Compute hydrogen bonds between different groups of atoms:

hbs = hydrogen_bonds(pdb, "protein", "protein" => "resname HOH"; unitcell=uc)

OrderedCollections.OrderedDict{String, PDBTools.HBonds} with 2 entries:
  "protein => protein"     => HBonds(Int32[1, 1, 271, 37, 1020, 237, 56, 76, 1060, 204  …  748, 813, 828, 871, 863, 877…
  "protein => resname HOH" => HBonds(Int32[128, 1238], Int32[129, 1240], Int32[1238, 1114], Float32[3.03824, 2.68987], …

Intra-protein hydrogen bonds

hbs["protein => protein"]

HBonds data structure with 63 hydrogen-bonds.
    First hbond: (D-H---A) = (D = 1, H = 2, A = 286, r = 2.6871147f0, ang = 10.643976f0)
    Last hbond: (D-H---A) = (D = 1014, H = 1017, A = 1032, r = 2.5816743f0, ang = 12.714139f0)
    - r is the distance between Donor and Acceptor atoms (D-A)
    - ang is the angle (degrees) between H-D and A-D.
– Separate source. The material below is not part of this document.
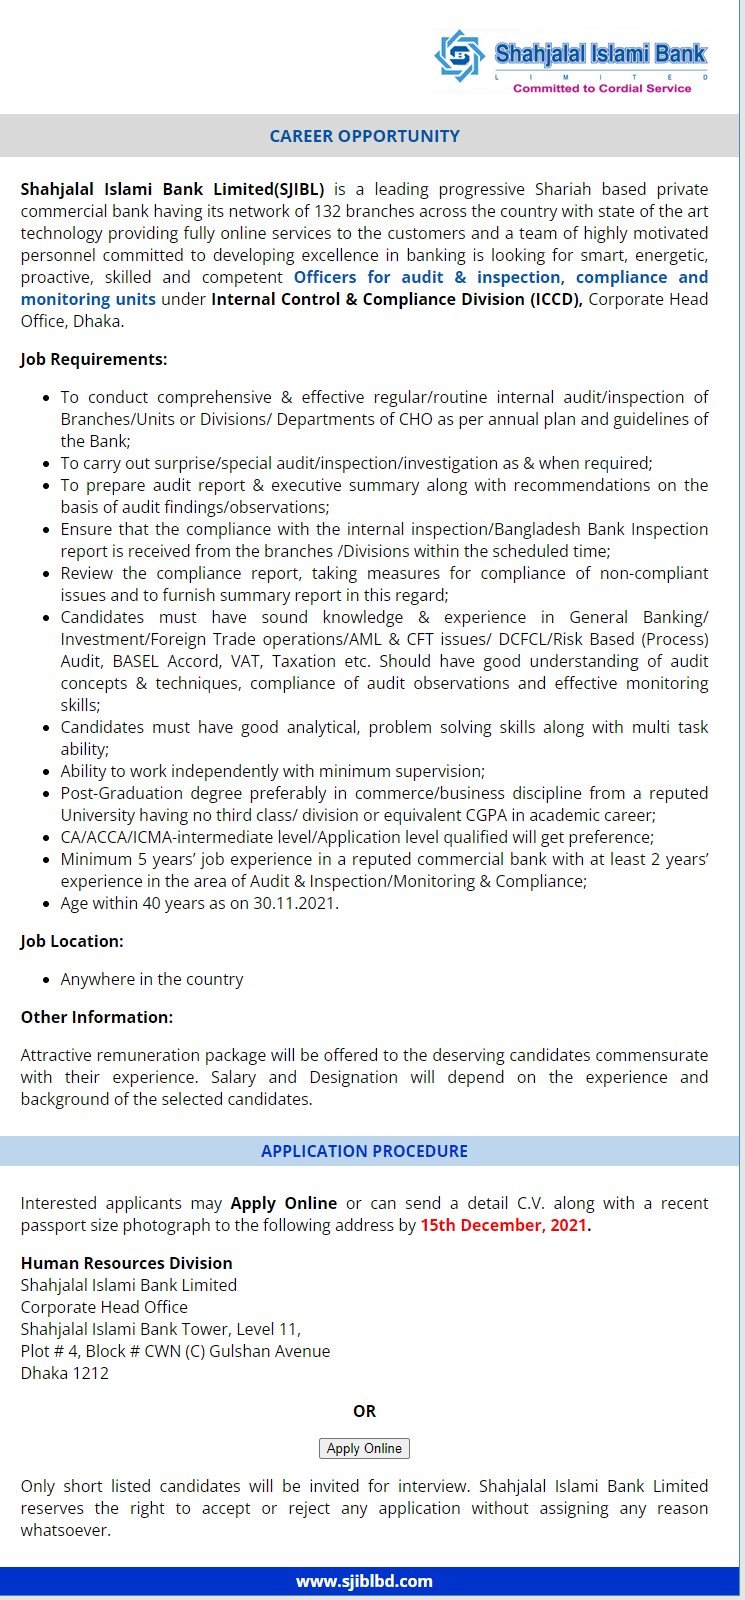 Shahjalal Islami Bank Limited Job Circular 2021 PDF & Image Download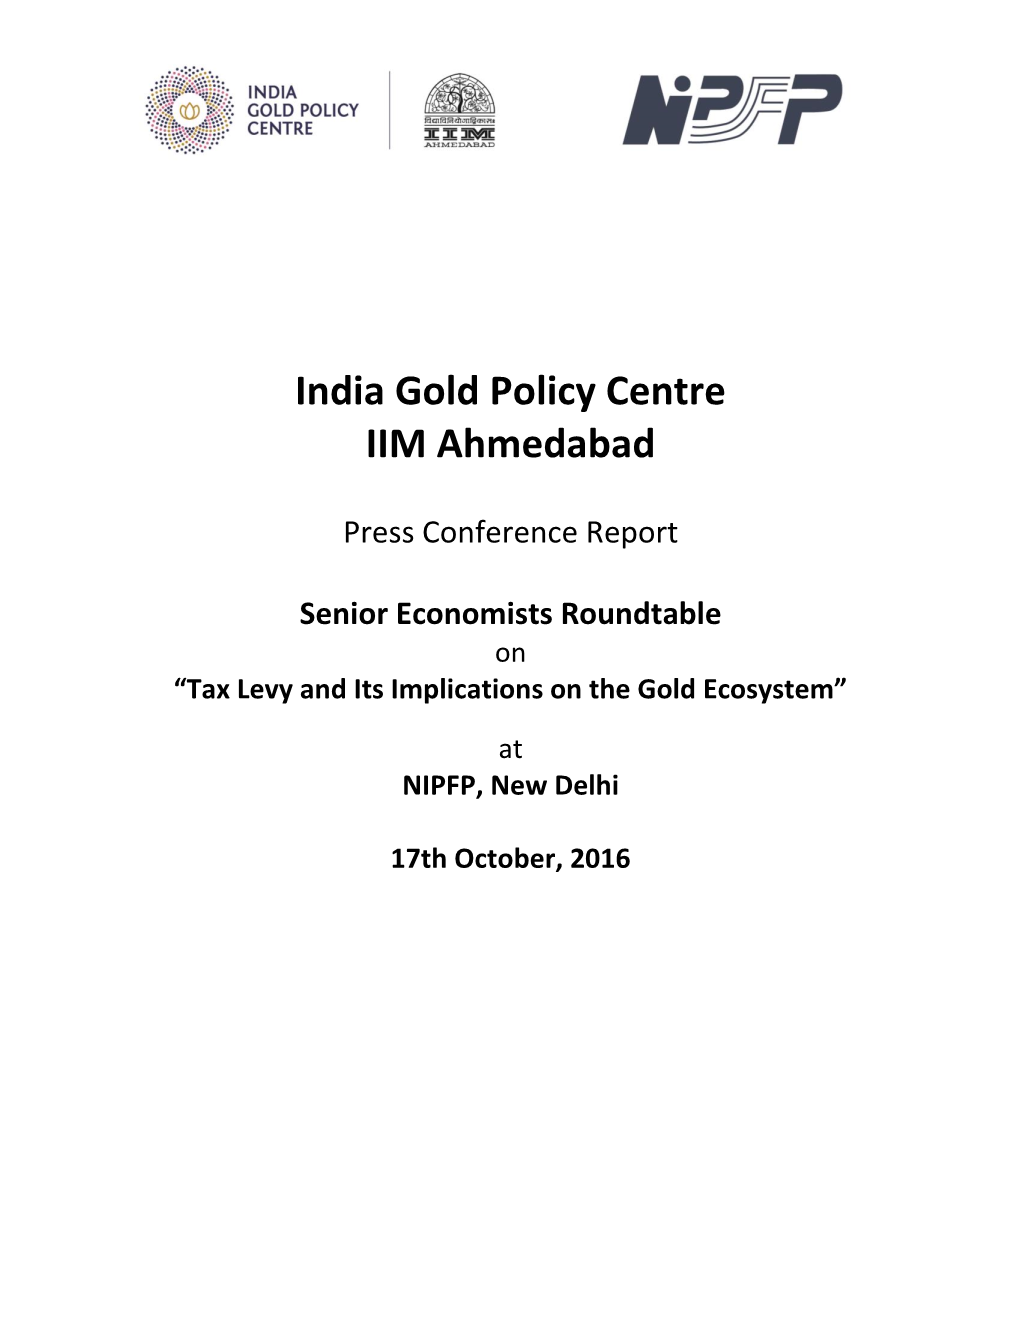 India Gold Policy Centre IIM Ahmedabad

Protein-water hydrogen bonds

hbs["protein => resname HOH"]

HBonds data structure with 2 hydrogen-bonds.
    First hbond: (D-H---A) = (D = 128, H = 129, A = 1238, r = 3.0382407f0, ang = 22.778383f0)
    Last hbond: (D-H---A) = (D = 1238, H = 1240, A = 1114, r = 2.6898682f0, ang = 18.384151f0)
    - r is the distance between Donor and Acceptor atoms (D-A)
    - ang is the angle (degrees) between H-D and A-D.

Note

Different selections in a pair (like "protein" => "resname SOL") must not have overlapping atoms. An error will be thrown if the same atom appears in both selections.